Remexi software was first detected in 2015 when it was used for illegal surveillance of individuals and organizations across the whole region. The Windows-targeting surveillance-ware can exfiltrate keystrokes, screenshots, and browser-related data like cookies and history.

Much ‘home made’ malware is used in the region – often in combination with public domain utilities. But who’s behind these particular attacks? Finding out is made all the more difficult by the very fact that the malware is homespun; it literally could be anybody: Iranians, or non-Iranians pulling a false-flag operation. Alas, false flags are on the up and up and look set to remain so.

“Well, actually… a seal ate my USB stick, sir.”

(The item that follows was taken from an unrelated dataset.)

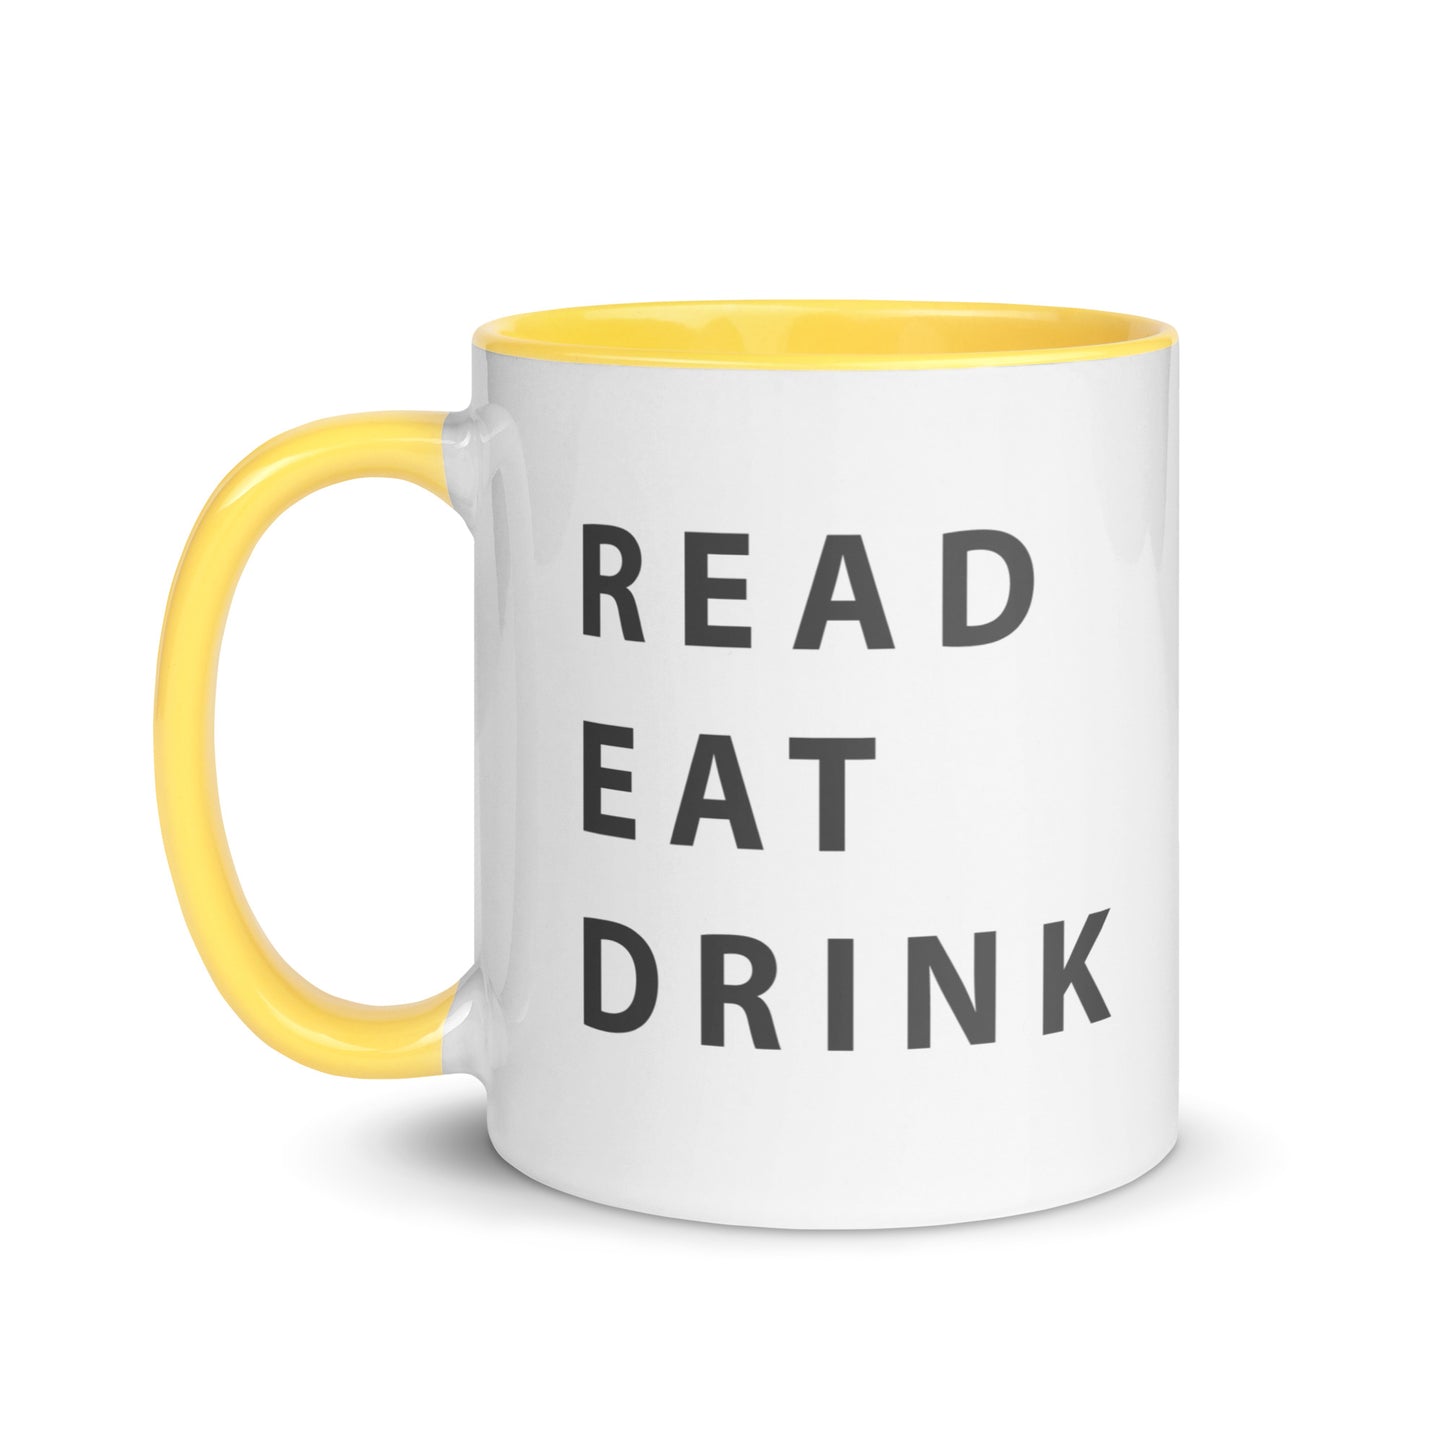 Read. Eat. Drink. Mug with Color Inside - 11 fl oz

In New Zealand, one day out walking a vet observed a clearly unwell leopard seal on a beach. As any concerned vet would, he proceeded to… scoop up a lump of the poorly seal’s poop and took it off for analysis. He was expecting to find therein some ghastly little parasites or viruses or what have you, but instead found… a USB stick. After much disinfection (I hope), the vet stuck the thumb drive into his computer (don’t try any of this at home kids, but this was a special case). And guess what? Thereon were stored lots of photos of the beautiful New Zealand scenery! Now the vet and Co. are seeking the owners of the USB – using this here video. Recognize it, anybody?

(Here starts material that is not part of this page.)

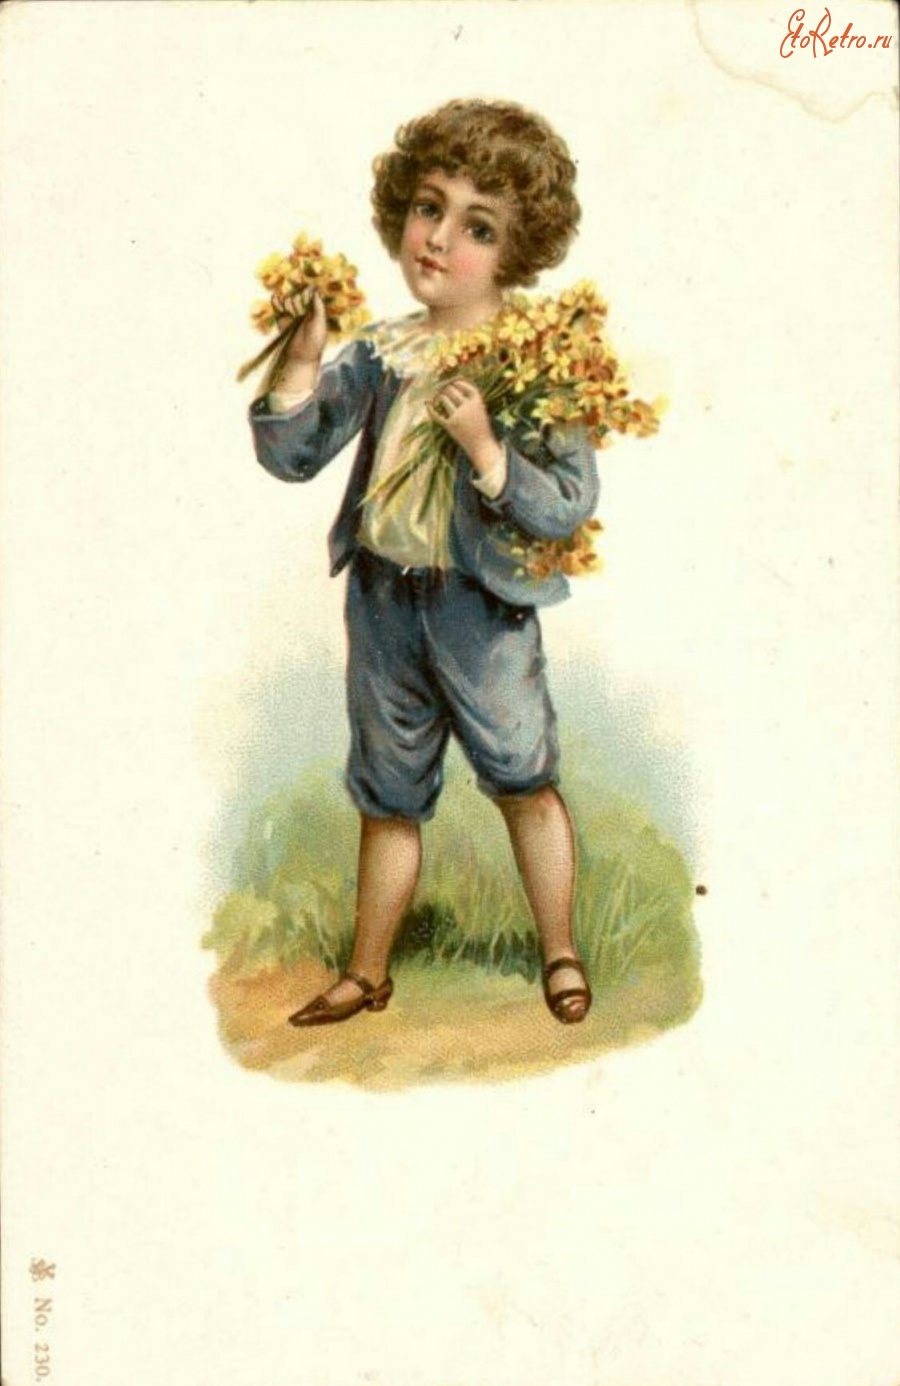 Ретро открытки - Мальчик с букетом жёлтых цветов

Galápa-gosh – pt. 2: the maiden flight of a young albatross.

The albatross is one of the most astonishing birds in the world. It can fly for thousands of miles from the shore, it can actually live up in the air for years without landing, epic poems are written about it, epic songs are sung about it, it’s considered an omen, and generally there’s an air of mystery around the species. I mean, like, how did they learn to fly just soooo far? How do they sleep up in the sky? How do they sniff out smells of potential prey from miles away?.

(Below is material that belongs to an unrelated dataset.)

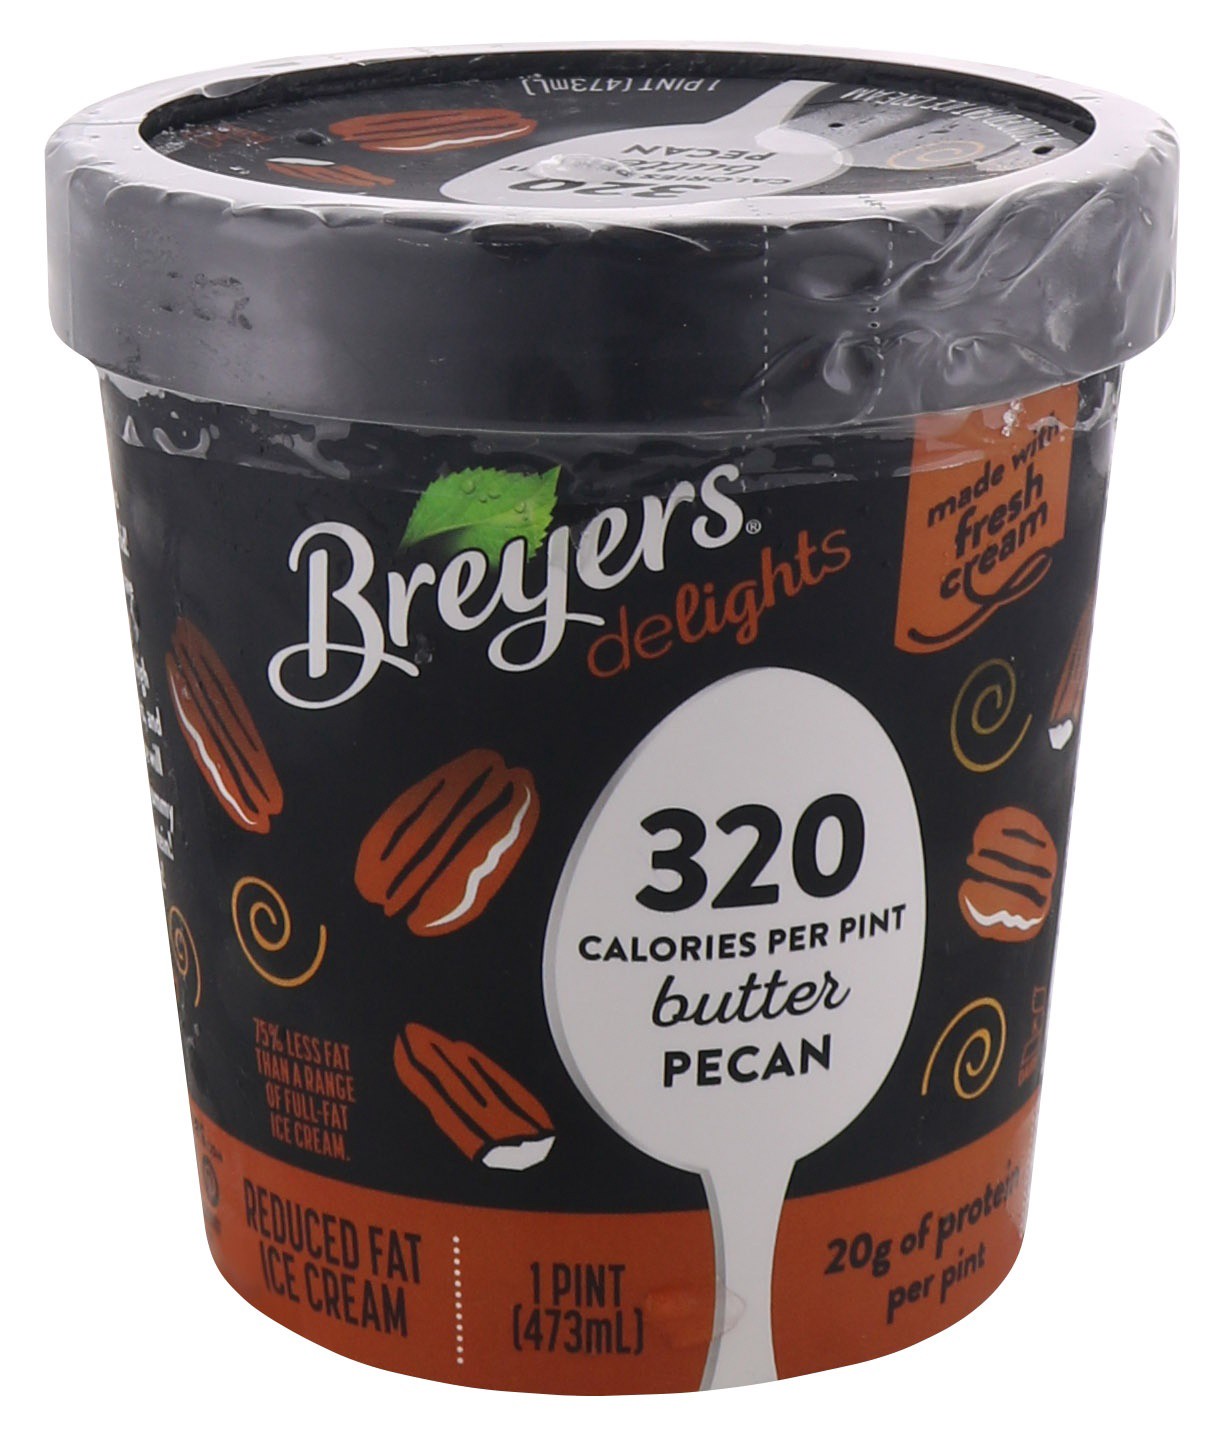 slide 1 of 3, Breyers Delights Butter Pecan Ice Cream, 1 pint

The first time I saw some albatrosses was while sailing on a research vessel through the Drake Passage en route to Antarctica, as you do. They seemed to appear out of nowhere, soared so low over the ocean it looked like they were touching it, circled round the ship (just curious?), and then disappeared never to be seen again; and never once did we see them flap their wings! Like, really: zero times! Indeed, they can glide for hours (or is it days, weeks or months?) upon airstreams caused by large ocean waves and wind – both of which they need both to survive; calm, windless conditions are lethal to the albatross. No wind means it simply can’t fly off – not from water, not from land.

In fact, the species has gone so far down the evolutionary road that’s led to its extraordinary gliding abilities that their wings are hardly flappable like other birds’ wings any more. Instead, they have special retainers into which the bones of the wings stick into, fixing the two-or-three-meter-wide wings in place to resemble a glider plane – with no muscles being used at all and zero energy expenditure.

How do they sleep if they’re up in the sky for years (the first six years of their lives they never touch land once!)? Apparently it’s still not known. It might be that the two halves of their brains take it in turns to sleep and be awake, much like whales and dolphins’ do.

Great albatrosses are expert fishermen and fisherwomen. Much like the boobies, they’re super-fast divers, though they don’t go as far deep into the ocean as boobies. They can sniff out ‘food’ from miles away; they drink seawater (they have a special organ in their beaks (the little bumps with the holes thereon) that filters out the salt!!). They nest and breed only in one place – where they were born. That is, after several years and hundreds of thousands of kilometers of flying gliding they return right back to their birthplace.

Truly fantastic fowl.

Simply seeing an albatross would probably have been the main Ecuad-awe-someness of our second day on the Galápagos Islands. However, what made it even more incredible was that we saw the first ever flight of a young great albatross! But I’ll get to that in a bit…

Rewind! A new day – a new island. Next up: Española Island, which is the main breeding ground of the Galápagos Islands.